§ **TASK TO CARRY OUT**
Give the data again exactly as it appears, excluding any pictures.

§ **STORED DATA**
Start of Block

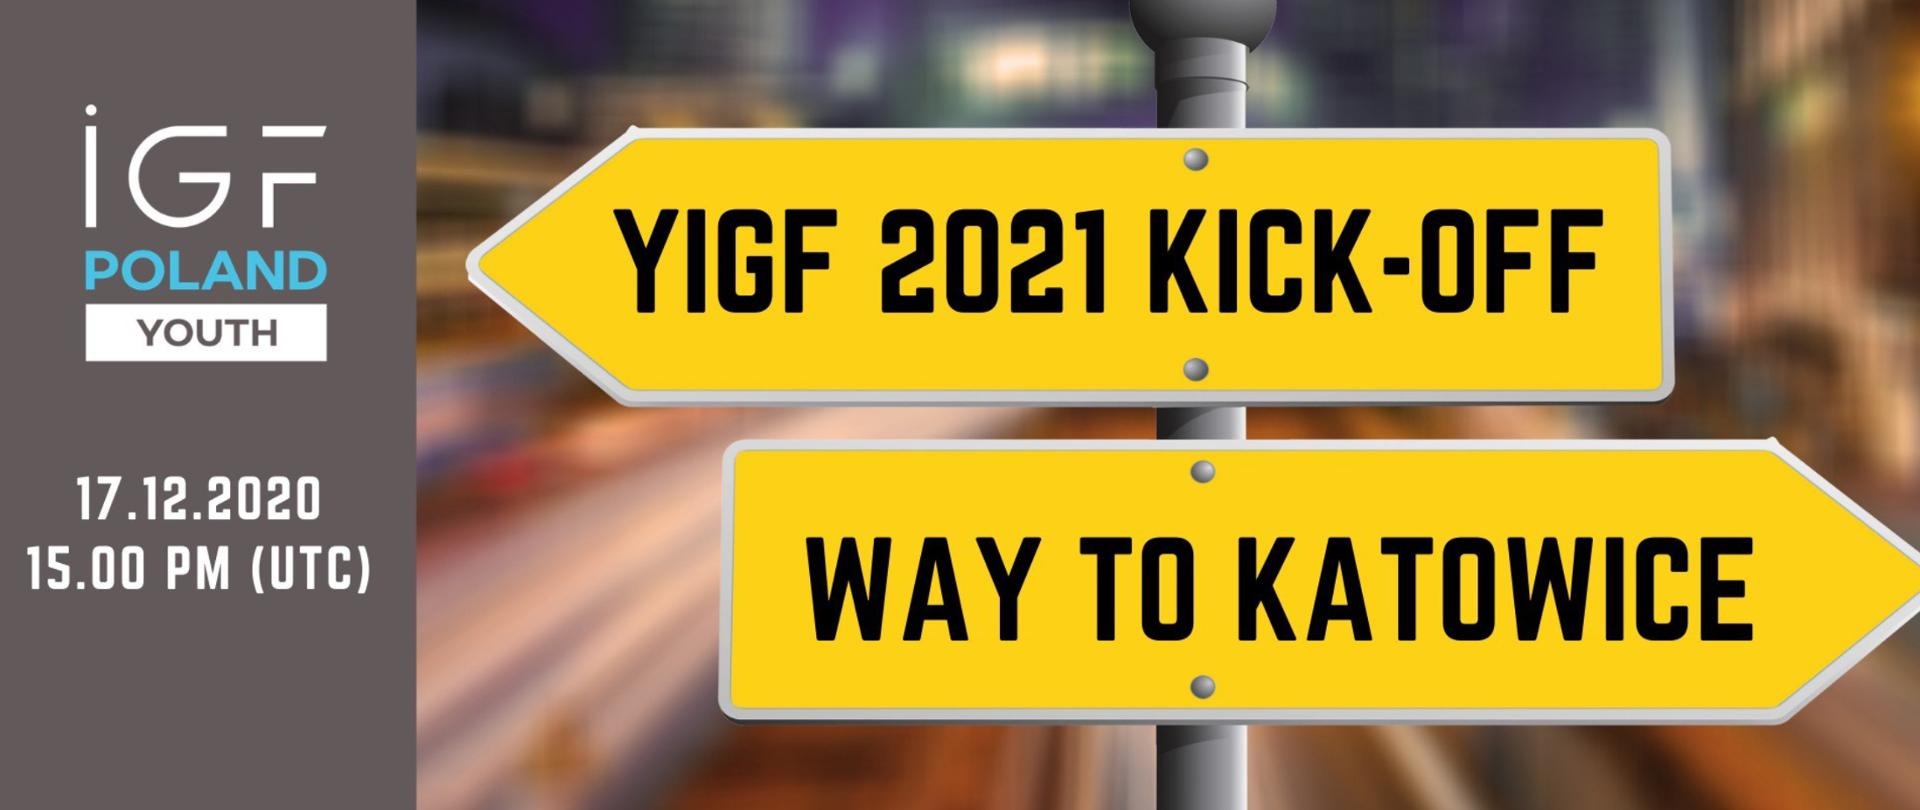 Dwa żółte znaki drogowe (w kształcie strzałki). Na górnym, skierowanym w lewo tekst: YIGF 2021 KICK-OFF; na dolnym, skierowanym w prawo tekst: Way to Katowice. Z lewej strony całej grafiki, na szarym tle, tekst: IGF Poland Youth, 17.12.2020, 15.00 PM (UTC).
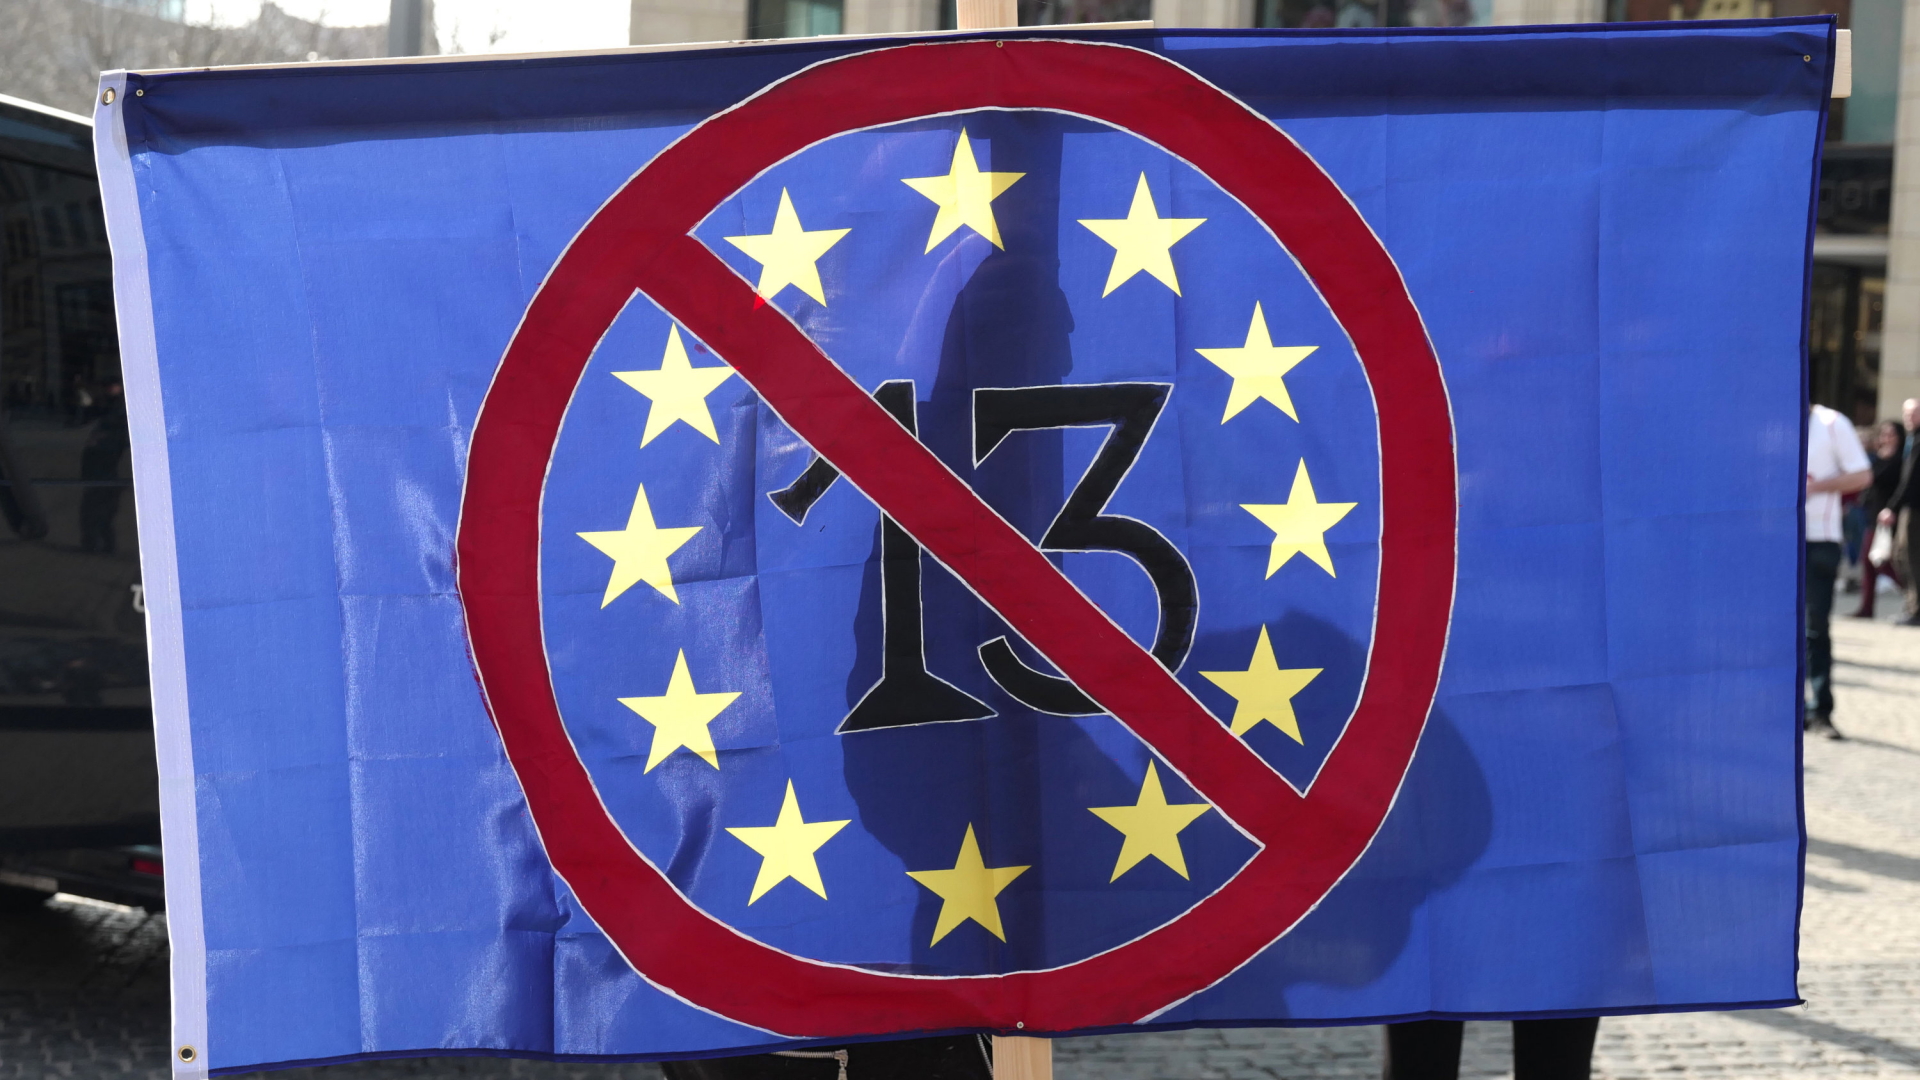 Symbolisch für den Protest gegen den Artikel 13 der EU-Urheberrechtsreform ist auf einer blauen Fahne eine 13 zu sehen, die durchgestrichen ist. | dpa
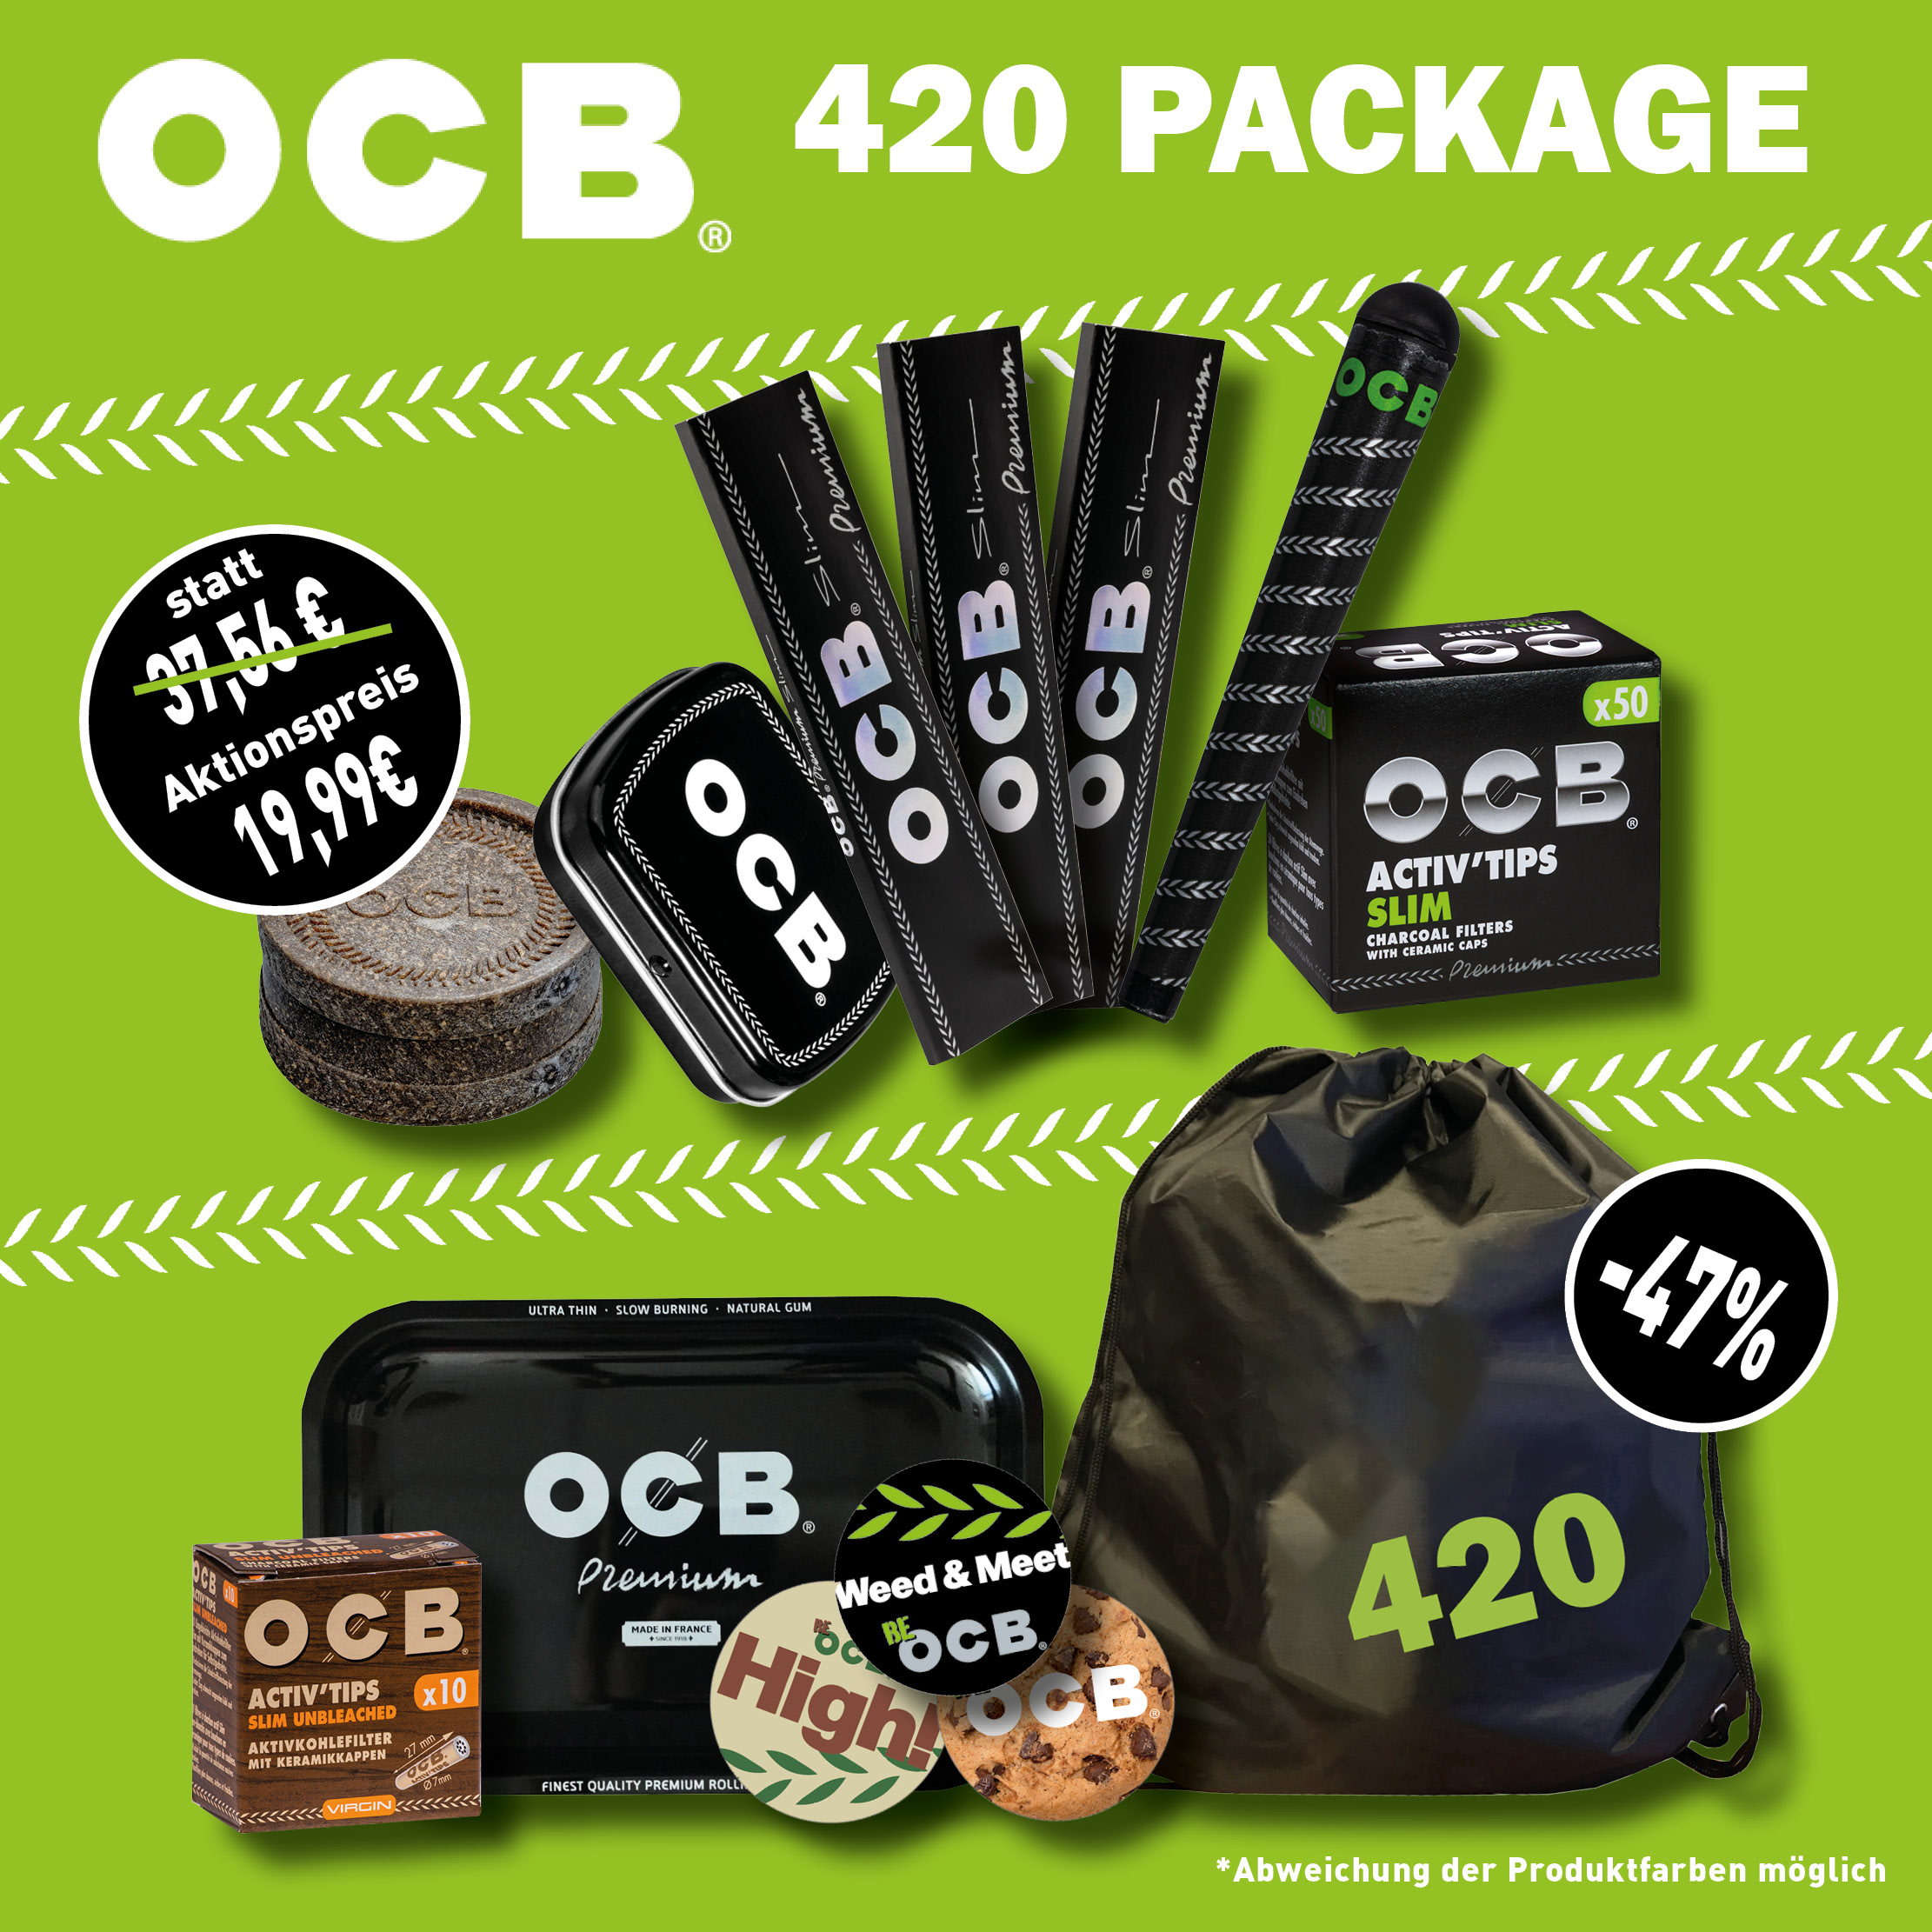 OCB 420 Package # 2

End of Block

§ **EXERCISE RESULT**
 Dwa żółte znaki drogowe (w kształcie strzałki). Na górnym, skierowanym w lewo tekst: YIGF 2021 KICK-OFF; na dolnym, skierowanym w prawo tekst: Way to Katowice. Z lewej strony całej grafiki, na szarym tle, tekst: IGF Poland Youth, 17.12.2020, 15.00 PM (UTC).
 Symbolisch für den Protest gegen den Artikel 13 der EU-Urheberrechtsreform ist auf einer blauen Fahne eine 13 zu sehen, die durchgestrichen ist. | dpa
 OCB 420 Package # 2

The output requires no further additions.